United States v. Medjuck

222 F.R.D. 399, 2004 U.S. Dist. LEXIS 12589, 2004 WL 1541794
CourtDistrict Court, N.D. California
DecidedJuly 8, 2004
DocketNo. CR-91-0552-VRW
StatusPublished

This text of 222 F.R.D. 399 (United States v. Medjuck) is published on Counsel Stack Legal Research, covering District Court, N.D. California primary law. Counsel Stack provides free access to over 12 million legal documents including statutes, case law, regulations, and constitutions.

Bluebook
United States v. Medjuck, 222 F.R.D. 399, 2004 U.S. Dist. LEXIS 12589, 2004 WL 1541794 (N.D. Cal. 2004).

Opinion

ORDER

WALKER, District Judge.

Pursuant to F.R.Cr.P. 35(b)(2)(A), the government has moved the court to reduce the sentence originally imposed upon defendant Michael Medjuck, based upon defendant’s substantial assistance to authorities in the investigation and prosecution of individuals involved in smuggling and distributing drugs at the Federal Correctional Institution in Pekin, Illinois. Doc. # 1601. The defendant agrees that his sentence should be reduced, but seeks a significantly larger reduction than the government has requested.

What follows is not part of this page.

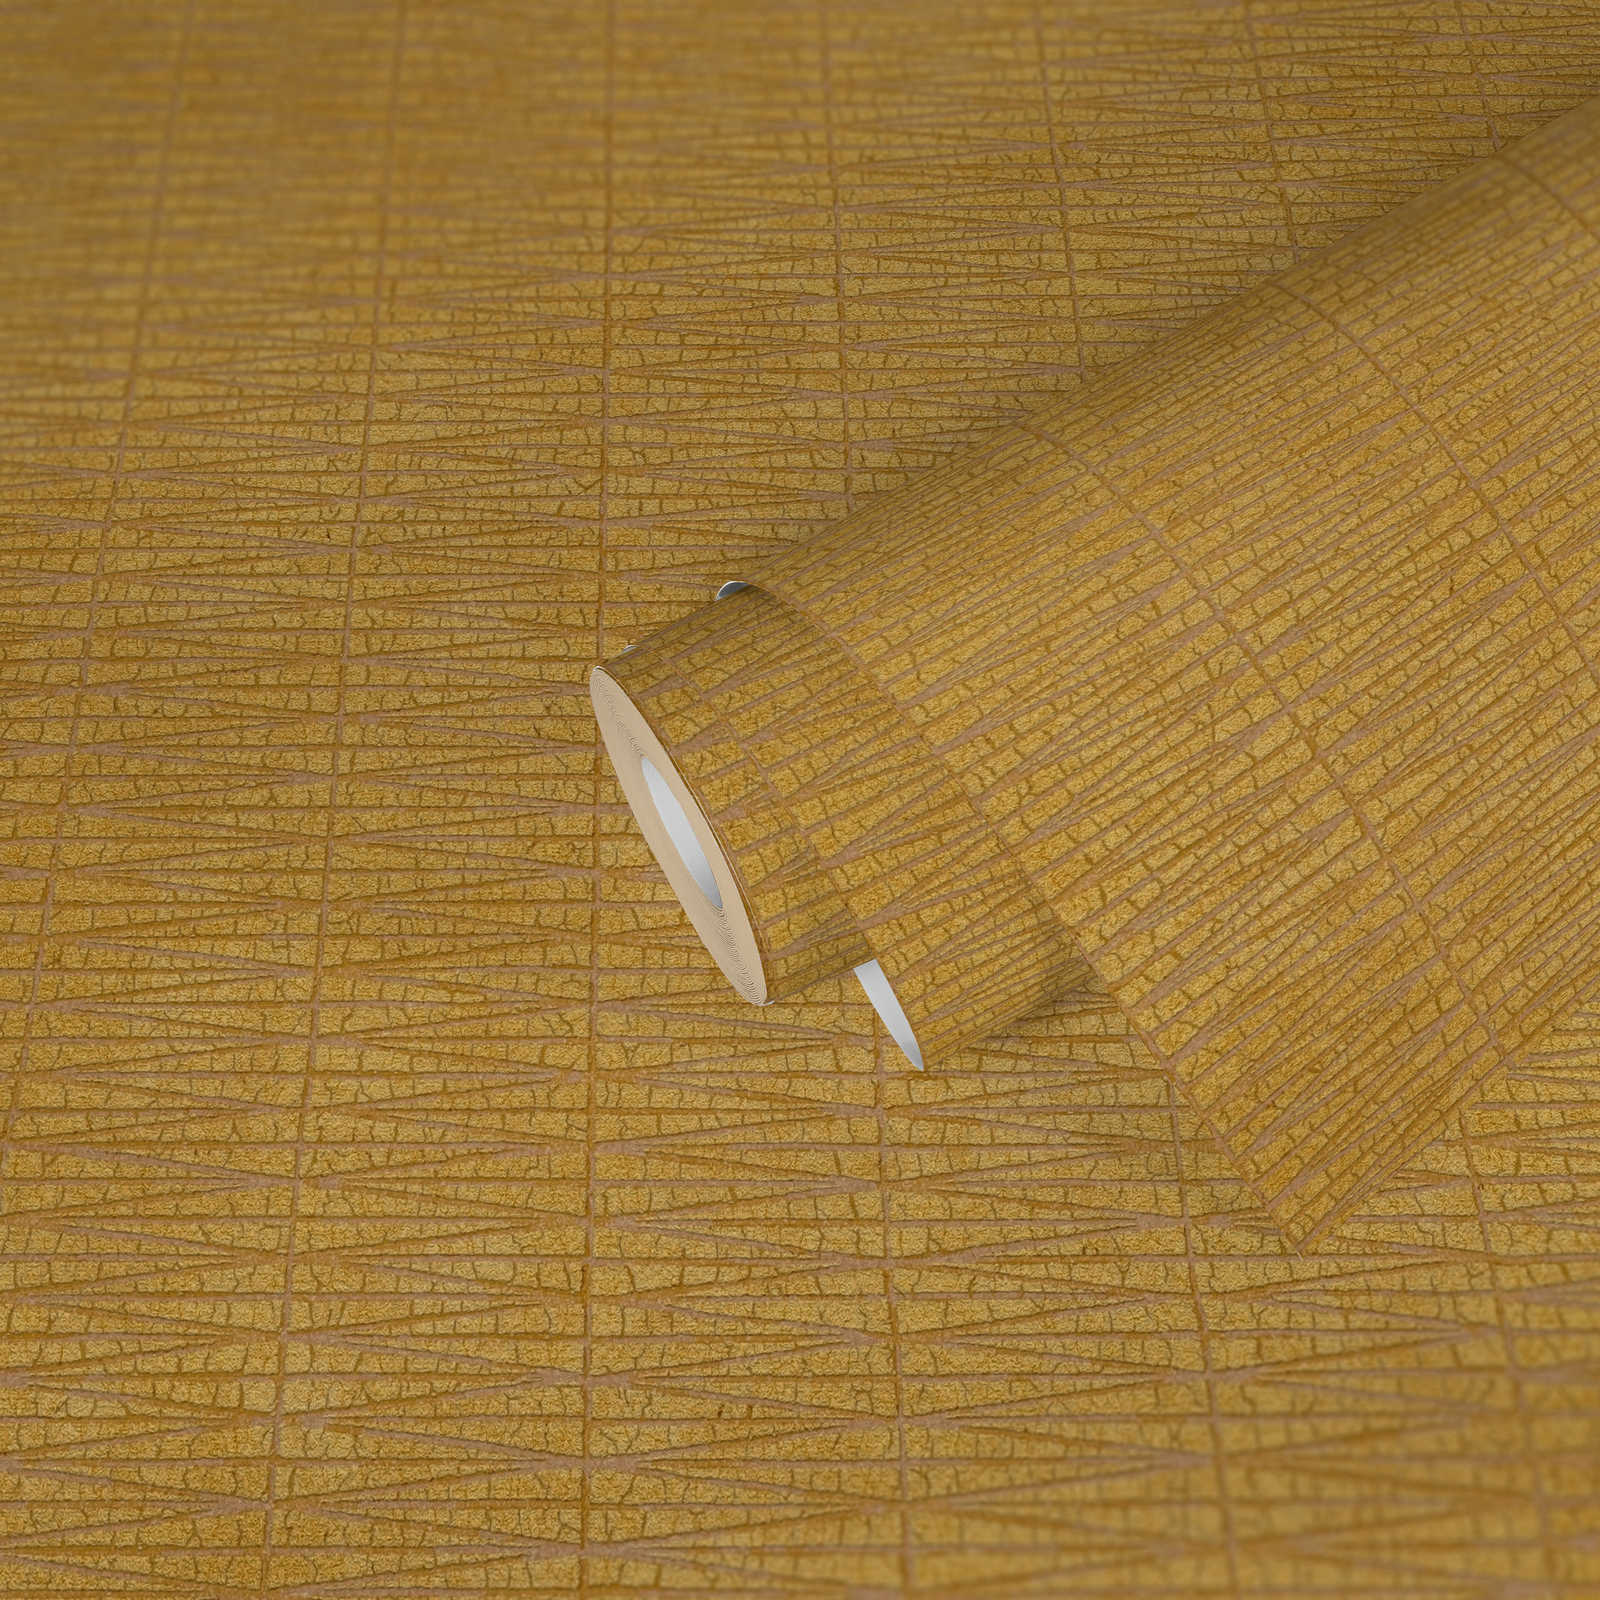             Mosterdgeel behang met natuurlijk structuurpatroon - Geel, Metallic
        
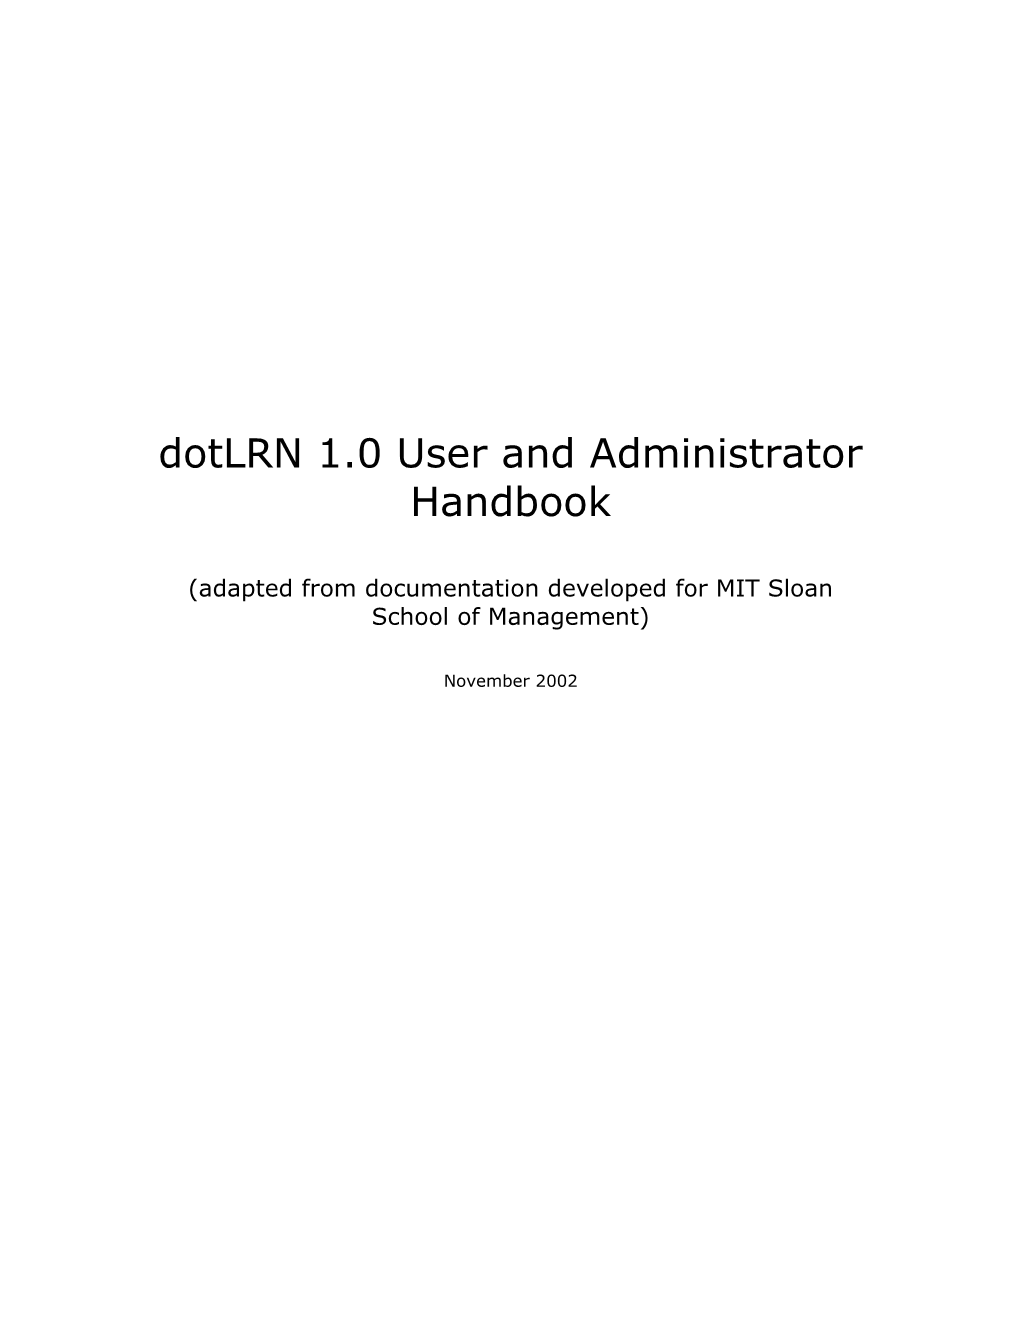 New Outline for Admin Handbook

For the reasons stated below, the court GRANTS the government’s motion (Doc. # 1601) and reduces defendant’s sentence to time served.

I

Much of the factual background regarding defendant’s crime is thoroughly described in the Ninth Circuit’s opinion in United States v. Medjuck, 48 F.3d 1107 (9th Cir.1995), and the court need not repeat those facts here. Briefly, defendant, and several others were apprehended by United States authorities while bringing a boatload of hashish from Pakistan to Canada. Def. Resp. (Doc. # 1604) at 9:10-12. Defendant was arrested in September 1991 and has been incarcerated since that date. Id. at 1:3 n. 1, 9:12. Defendant was charged under the Maritime Drug Law Enforcement Act (MDLEA), 46 U.S.C. § 1903, for possession of hashish on the high seas. Defendant was also charged with various other drug crimes under Title 21. Id. at 9:12-21; see also Doc. # 243.

Following a lengthy challenge to the indictment on the grounds that an insufficient nexus existed between the drugs and the United States, defendant was tried and was then convicted only of the MDLEA charges. Def. Resp. at 11:1-13; see also Doe. # 1272. On July 26, 1996, District Judge Eugene F. Lynch employed level 40 of the Sentencing Guidelines to sentence defendant to 292 months in custody, as well as a ten-year supervised release period and a $250,000 fine. Deel. John J. E. Markham (Markham Deck; Doc. # 1605) at 2 ¶ 9, Exh. 7; see also Doc. # 1317.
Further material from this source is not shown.